Colt knew all this. According to some of the nation’s top computer analysts and security advisors, it was only a matter of time before hostile forces hacked into the military’s top secret databases. Encryption was one thing. Solid rock and twelve-inch steel walls were another. The most sensitive material never made it onto a hard disk. The most sensitive material was kept in Annex 1. Nobody who was unauthorized to touch those documents was ever going to touch them. Period. It just wasn’t going to happen.
Which was okay. The United States needed a place like that. What Colt couldn’t figure out was why the files on Jack Reacher were kept there.
He rose from the chair. “I appreciate your time, sergeant.”
“Sorry I couldn’t be of more help to you. But Reacher’s a free man. For now, anyway. He’s out there somewhere. If you think he was involved in the robbery and kidnapping—”
“It was just a hunch, really. I don’t want to confront him in person. Like I said, they don’t pay me enough.”

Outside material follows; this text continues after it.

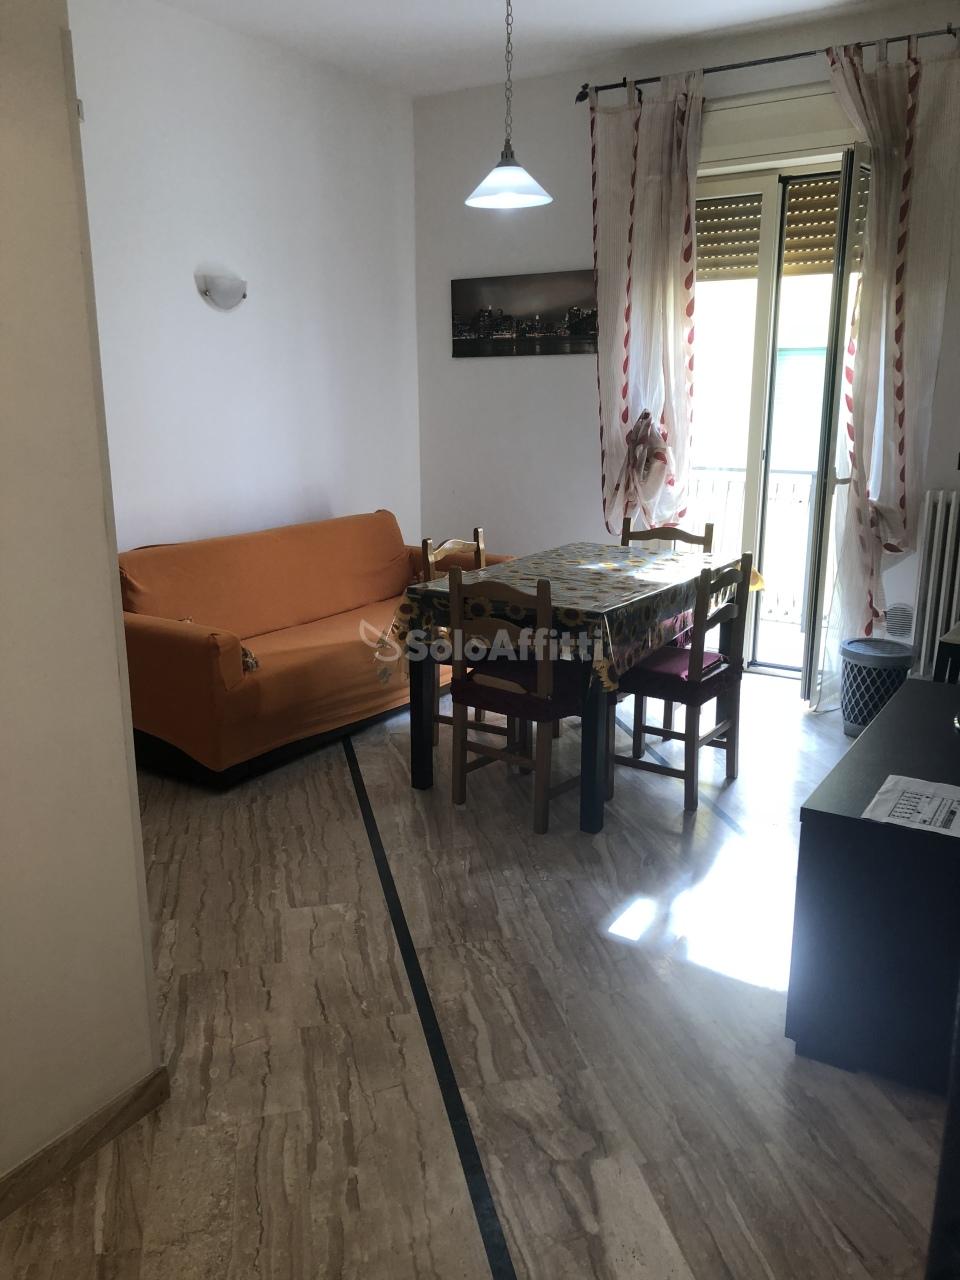 Appartamento - Trilocale a Viale De Gasperi, San Benedetto del Tronto

“Well, have a nice day, Mr. Green.”
Colt took the elevator back down to the lobby, nodded to the guard on his way out. Maybe some of the files on Jack Reacher were kept in Annex 1, but not all of them. Colt had five hundred pages of stuff in a briefcase back at the hotel. But apparently that was just the tip of the iceberg. Apparently there was some history on Reacher that even The Circle didn’t know about, and Colt figured getting his hands on it might go a long way toward the organization granting him a pardon for his recent crimes. For leaving one operative bound with duct tape and another with a bullet in his leg. The Kurt Valinger thing would work itself out, eventually. When the toxicology reports came back negative, Colt would be exonerated. At least he hoped that was the way it played out.
Getting his hands on the Jack Reacher files might help, but that just wasn’t going to happen. Not while they were in Annex 1.
Colt started walking back toward the hotel. Maybe some of the other employees at Mac’s Diner had seen Reacher there as a customer. Maybe Reacher had been there more than once. Colt planned to go back and talk to some of the other waiters and waitresses. It was worth a try. He wasn’t especially worried about staying in Rock Creek for a few days. The Circle would be focusing on airports and interstates and debit card transactions. They would be monitoring the checkpoints at the Canadian and Mexican borders and the passenger lists for cruise ships. You’d have to be crazy to do what Colt had done, to assault a pair of fellow operatives and then stay in the area and go ahead with the assignment. Rock Creek was the last place The Circle would be looking for him.
Those were his thoughts as a black Dodge Charger with tinted windows made a U-turn and slowly headed back toward him.
13
The mean one didn’t tie Felisa up when they got back to the house. He didn’t hit her or kick her or even scold her. He returned her to the chair where she’d been sitting before and gave her a clean pillowcase to put over her head.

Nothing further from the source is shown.